Bioaffinity Recovery of Linear CRGDS Peptides Grafted to Zwitterionic PAMAM Nanocarriers

Abstract

Functional oligopeptides derived from natural proteins are often used as targeting groups or therapeutic drugs but always suffer from a dramatic bioaffinity decrease due to the loss of conformational restriction in proteins, which increases their entropy state. It is worth noting that the linear Cys-Arg-Gly-Asp-Ser (CRGDS) oligopeptide can spontaneously restore its natural conformation by anchoring one terminus and forming hydrogen bonds on another terminus, on protein-like zwitterionic fifth-generation polyamide-amine (G5 PAMAM) nanocarriers, thus exhibiting high bioaffinity. However, the different physicochemical properties of nanocarriers have an impact on the bioaffinity recovery of linear CRGDS. In this work, it is found that the bioaffinity decreases with the reduction of generation of PAMAM and zwitterionic G3 PAMAM is a turning point for bioaffinity recovery via a series of in vitro experiments.
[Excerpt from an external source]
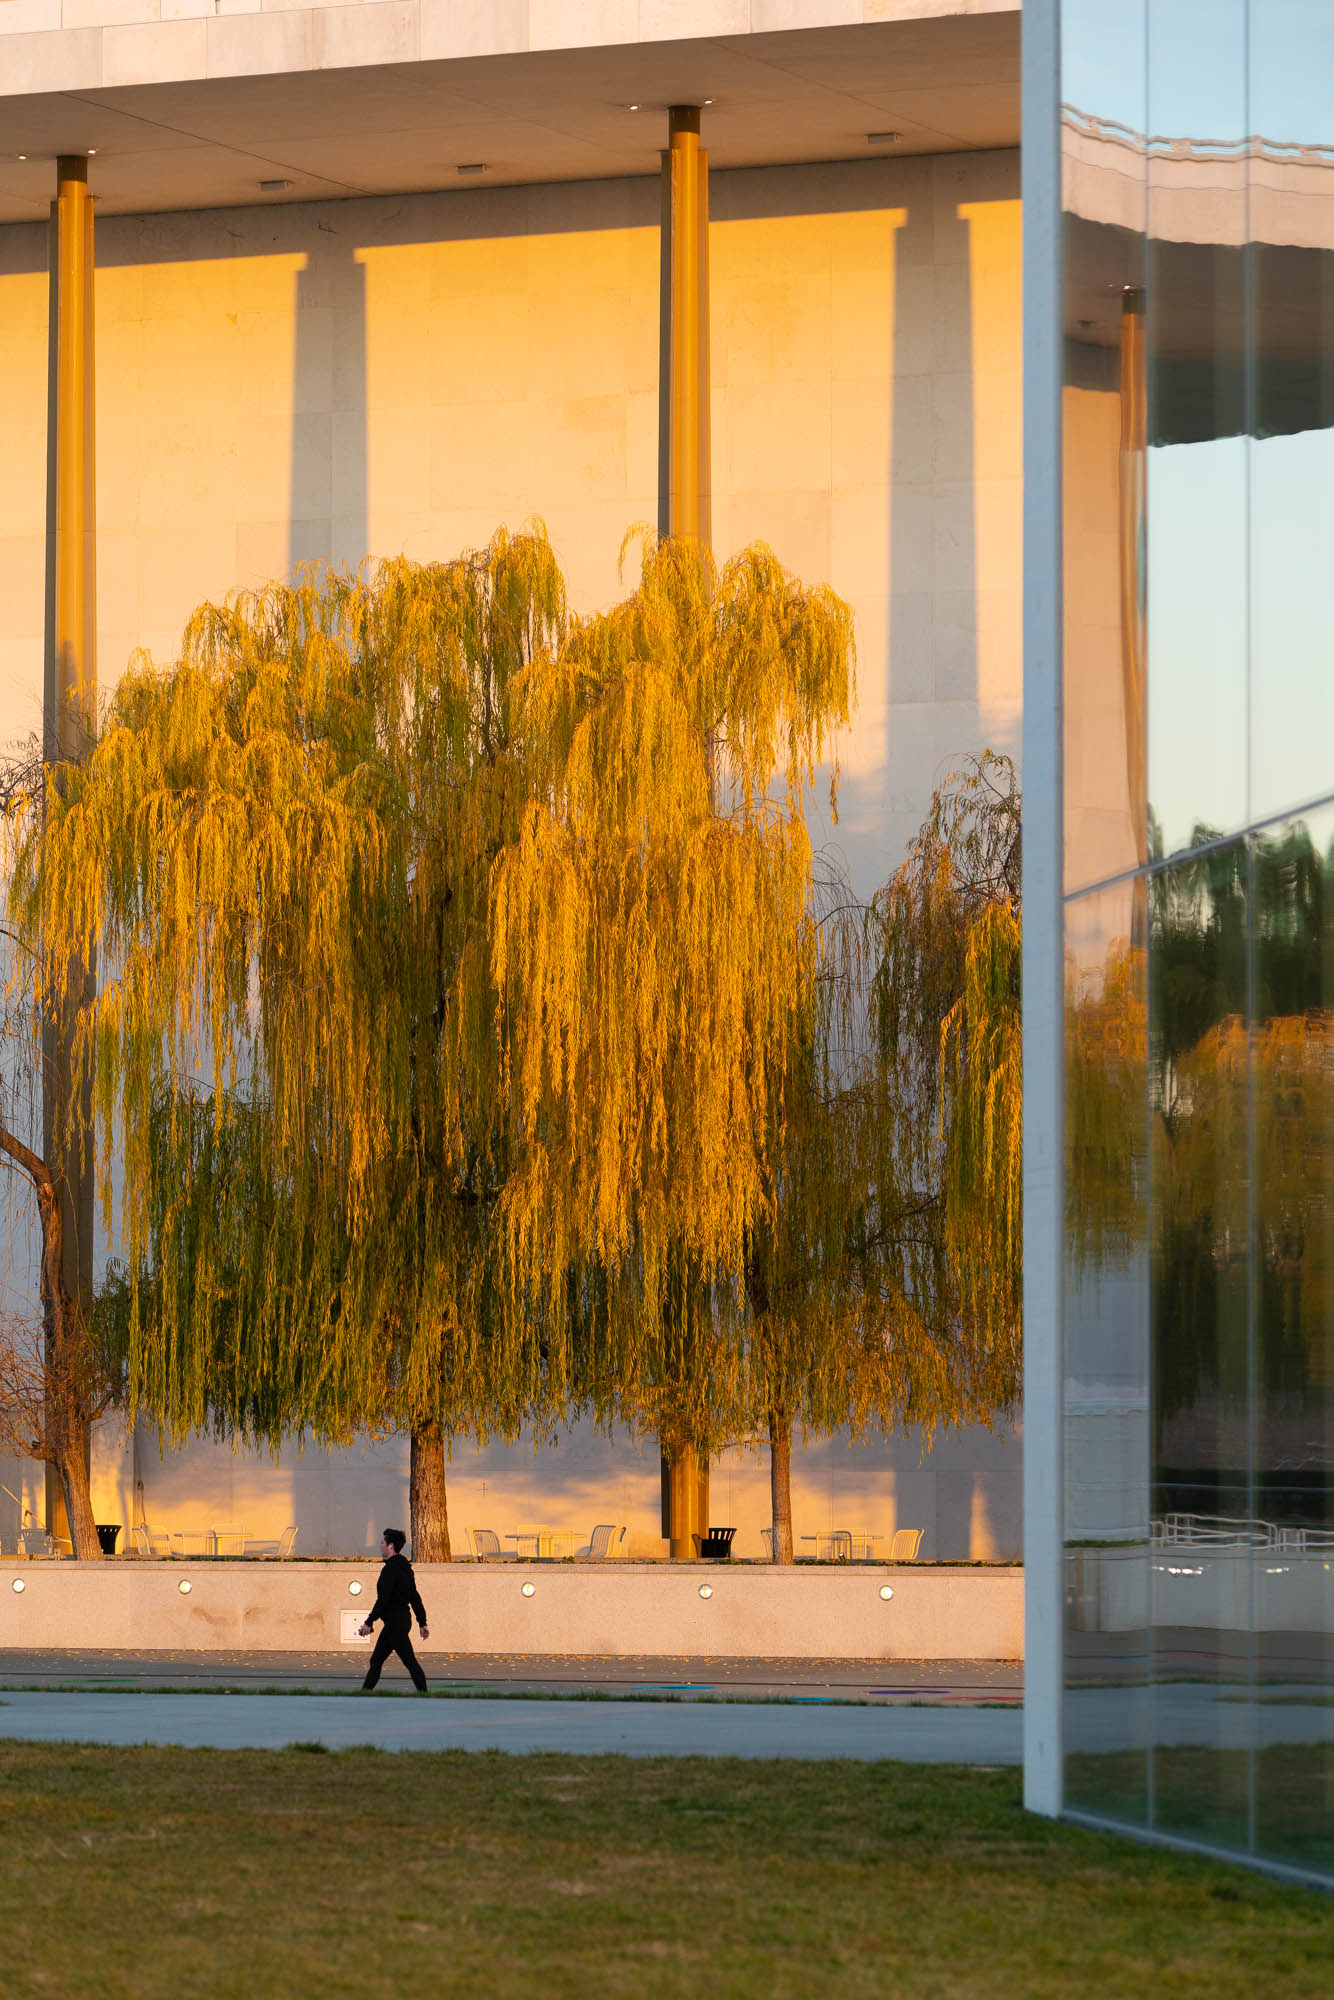 kennedy center, washington dc, dogs in dc, willow trees, architecture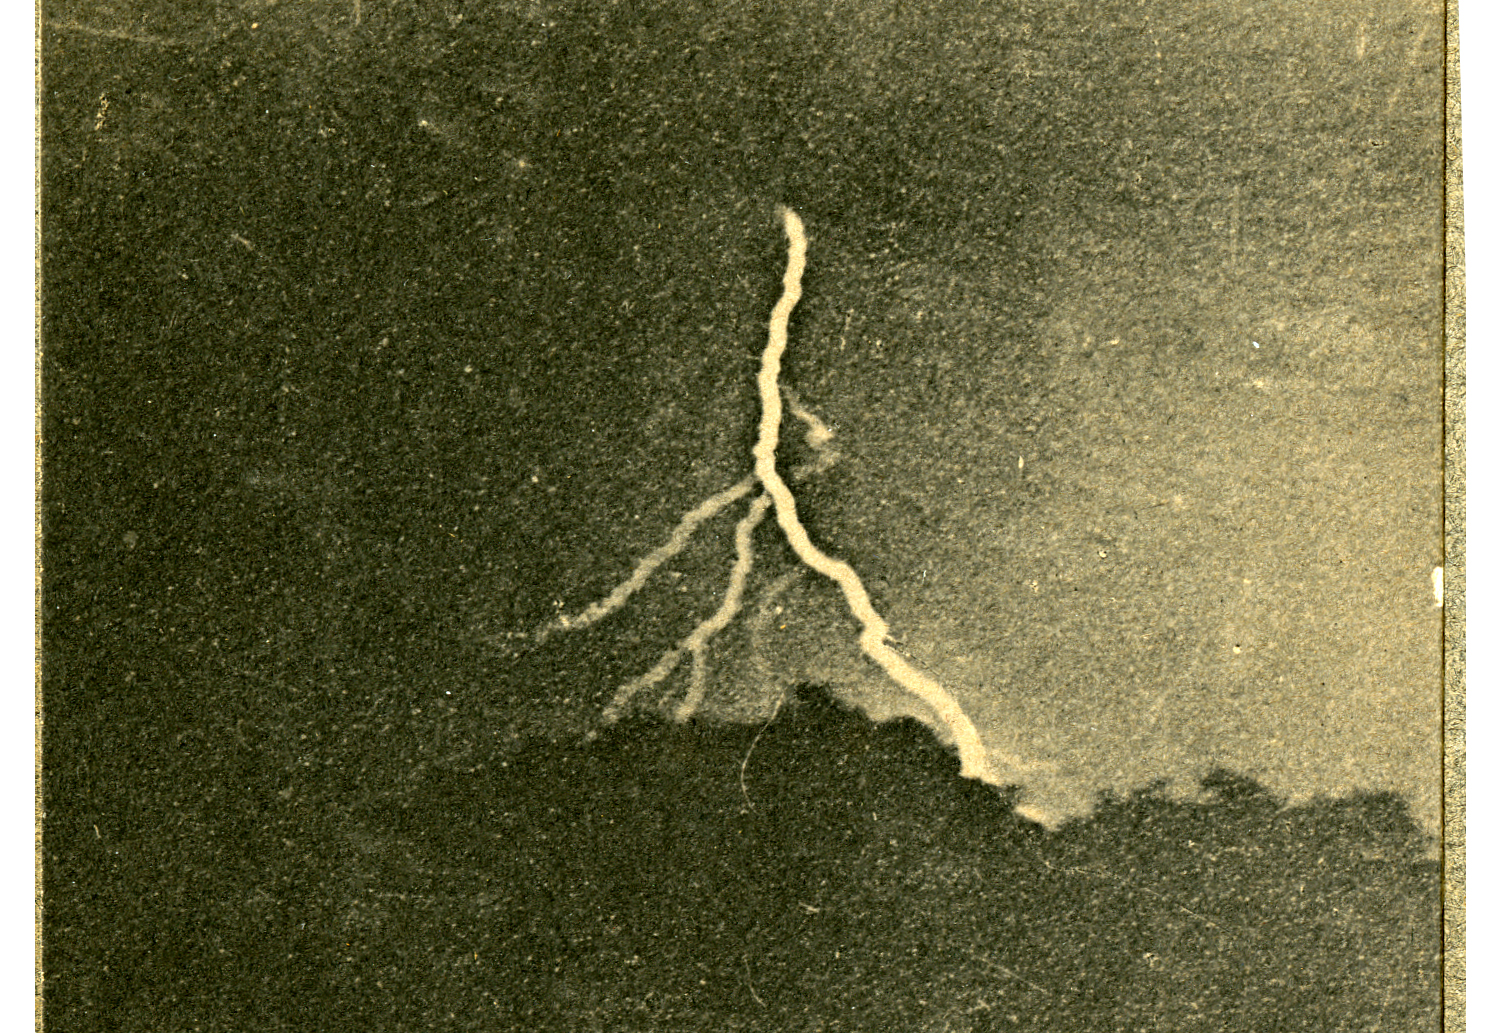 Photo: William N. Jennings’ First Photograph of Lightning, 1882. From the Historical and Interpretive Collections of The Franklin Institute.

This indicates that the spontaneous restoration of the native conformation of the RGD segment requires proper surface group density and structural rigidity of the zwitterionic nanocarrier for reducing the entropic energy of CRGDS peptides before binding. This approach paves a way for functional reproduction of protein molecules using low-cost synthetic polymers for extensive biomedical applications.